Hang on! This tipcart doesn’t ride like Rangeley No. 9. She should make a dandy picture back there—smoke rolling up over the pitch-pines and the three varnished cars glittering in the sun. See ’em swing through that reverse curve!
See this big iron along here? Seventy-five pound steel, biggest ever laid in two-foot track. Proportionately it’s equivalent to about two-hundred pound rail in wide gauge track: heavier than anything made yet.
Getting some good shots? I hope the reflections in the water show up clear; reservoir’s like a mirror.
Take a quick peek over 'cross there: that’s Plantation Center station, on the line we just went up over. Remember? The two lines are hardly a hundred yards apart right here. Sometime Mr. Atwood may lay a connecting track across this dike. Only a stone’s throw. Notice this big fill here: all new grade across the corner of the swamp. Kind of sags in the middle; will be filled and raised sometime. See No. 7 puffing up out of there!
Look: we’re beside the canal now. There’s the grove and yard ahead. We’re coming in on that line I told you about—from across the canal.
There’s the work train’s smoke. She came in ahead of us and it looks to me like No. 4 engine is out there too. Where could she have been when we left town?
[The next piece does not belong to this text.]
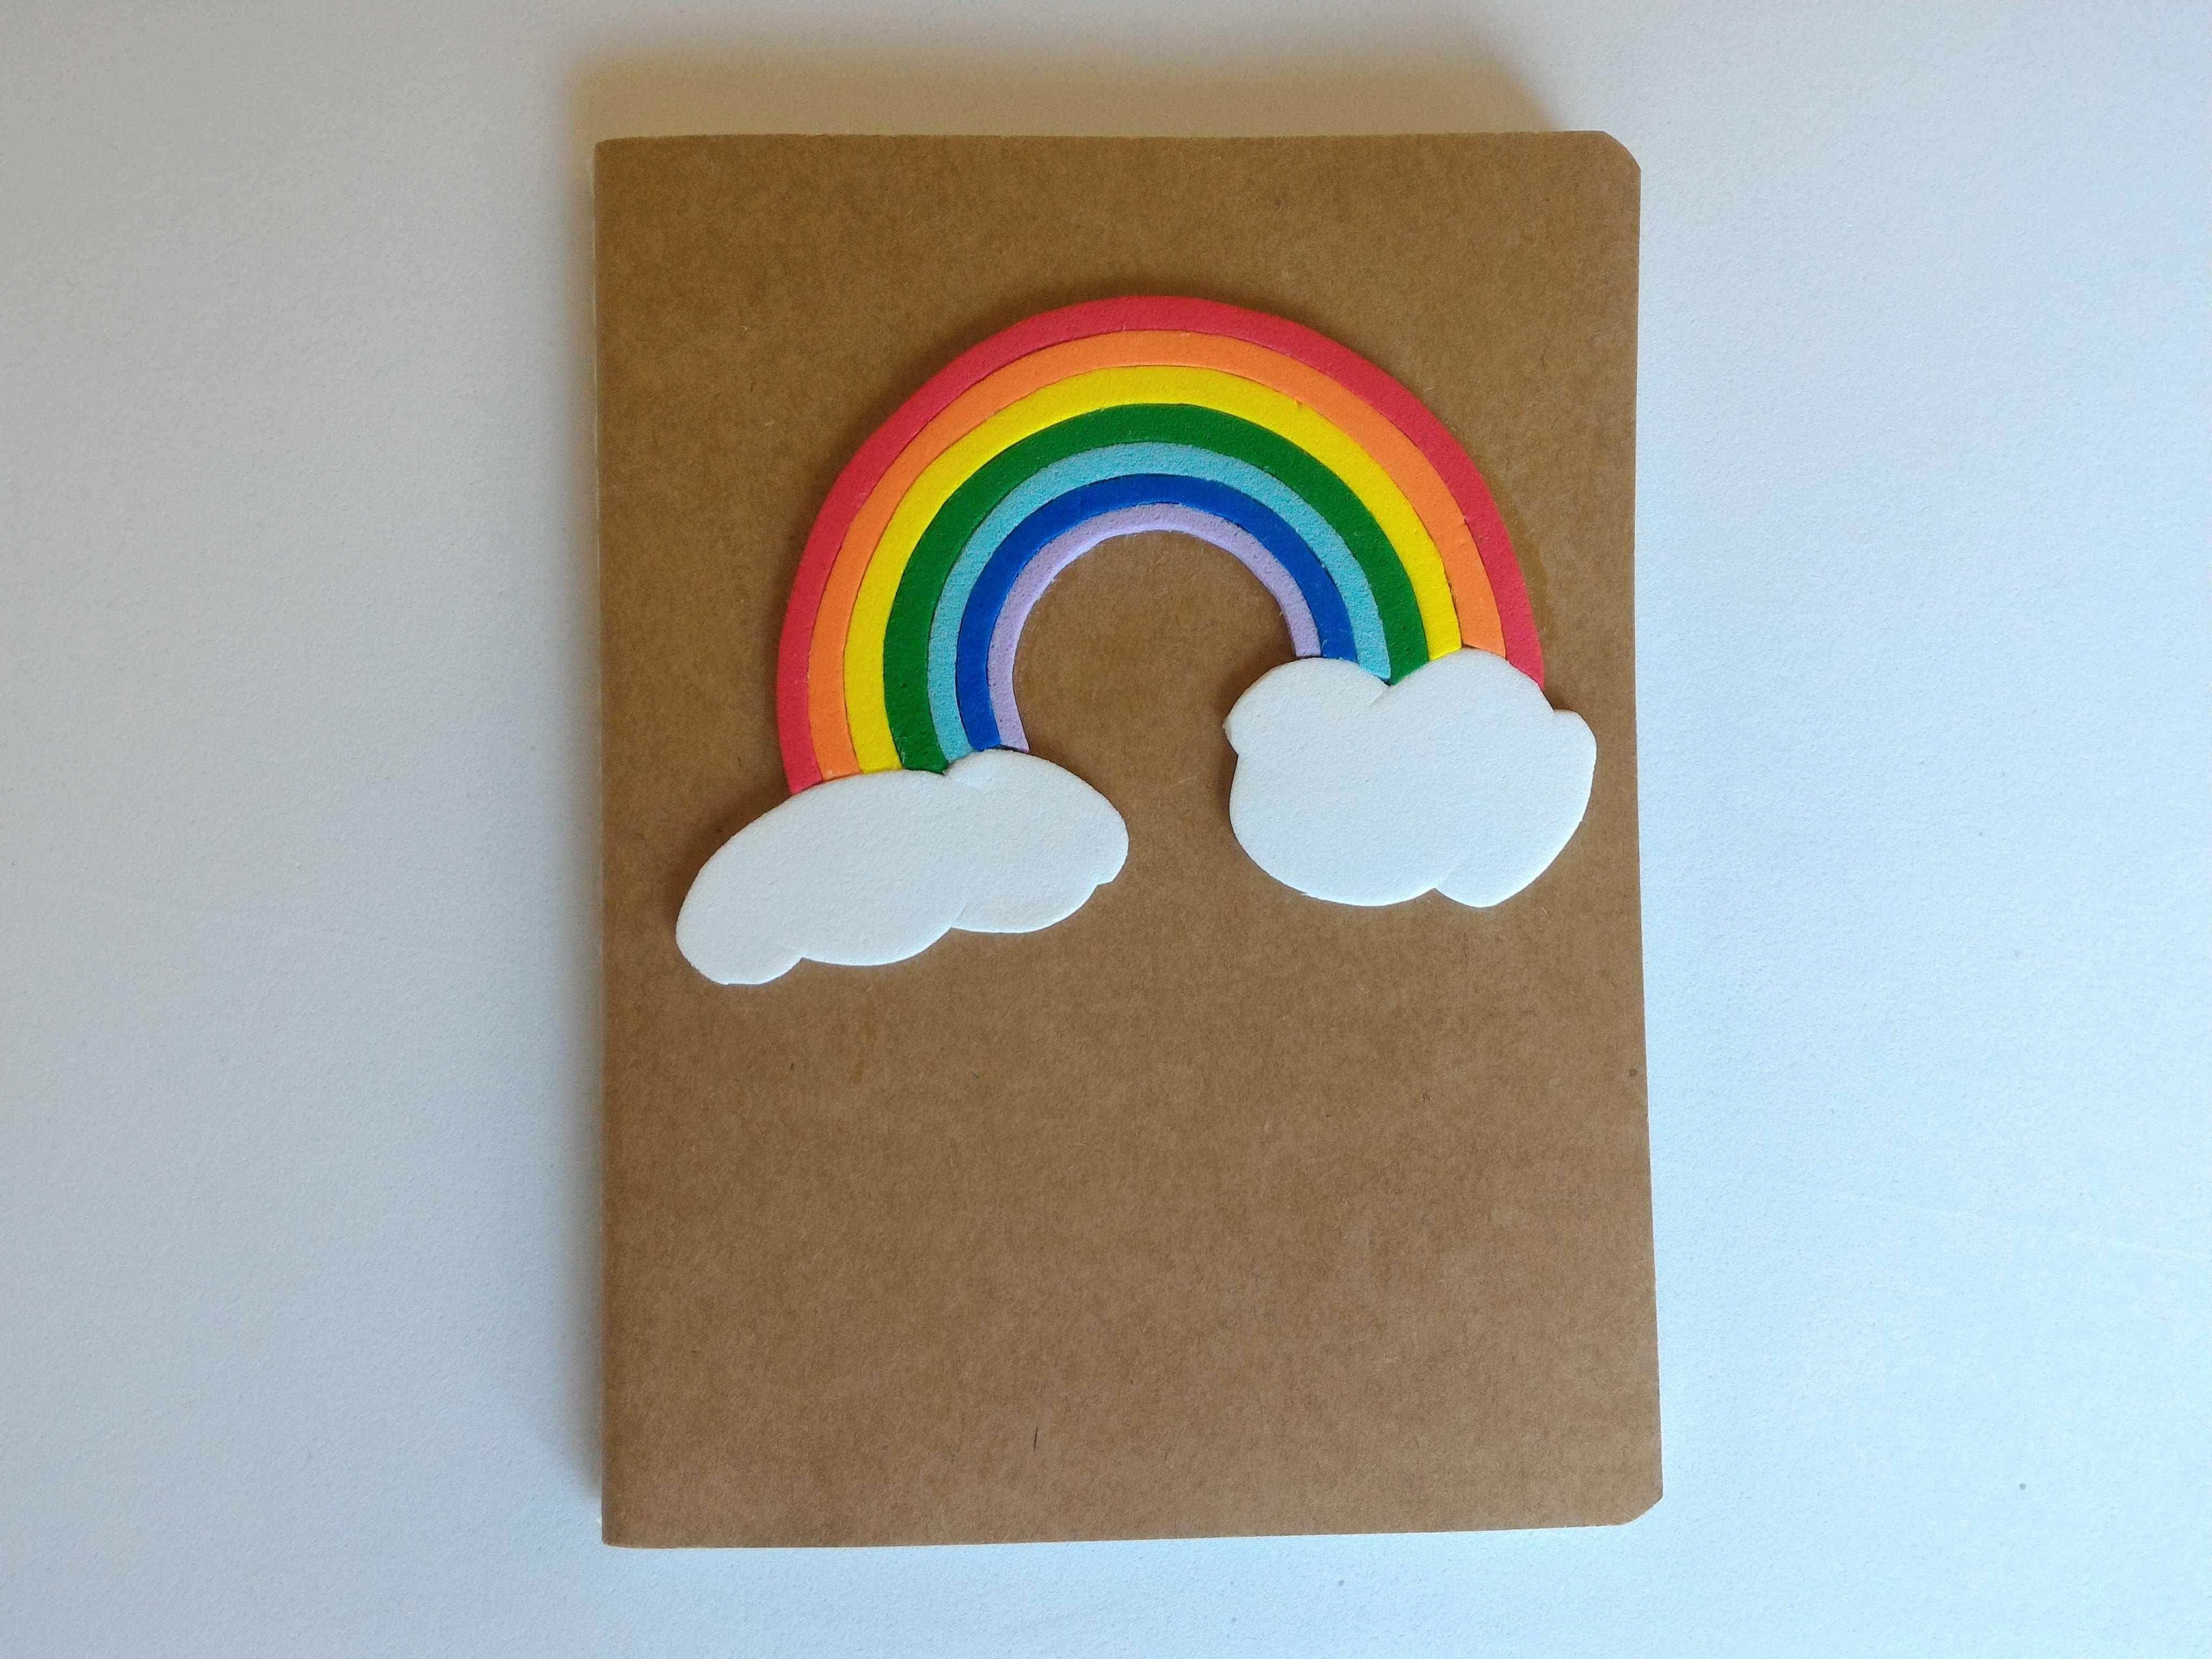 Medium 14   oam   ouiareclafc   rainbow   chagaz et vous

Take it easy: I’m trying to stop this jalopy. We’re back in the yards again. Quite an array of power, eh? No. 7; the work train; No. 4 engine; the railbus which beat us down from the Ball Park; and there’s even little Plymouth No. 14 with a string of bog dumpcars. You couldn’t get so much action short of North Station.
(Moody Photo)
Look out—stand back! Here comes a freight train, cuffing the wind up Mt. Urann with the little red kiboose lurching and swaying behind.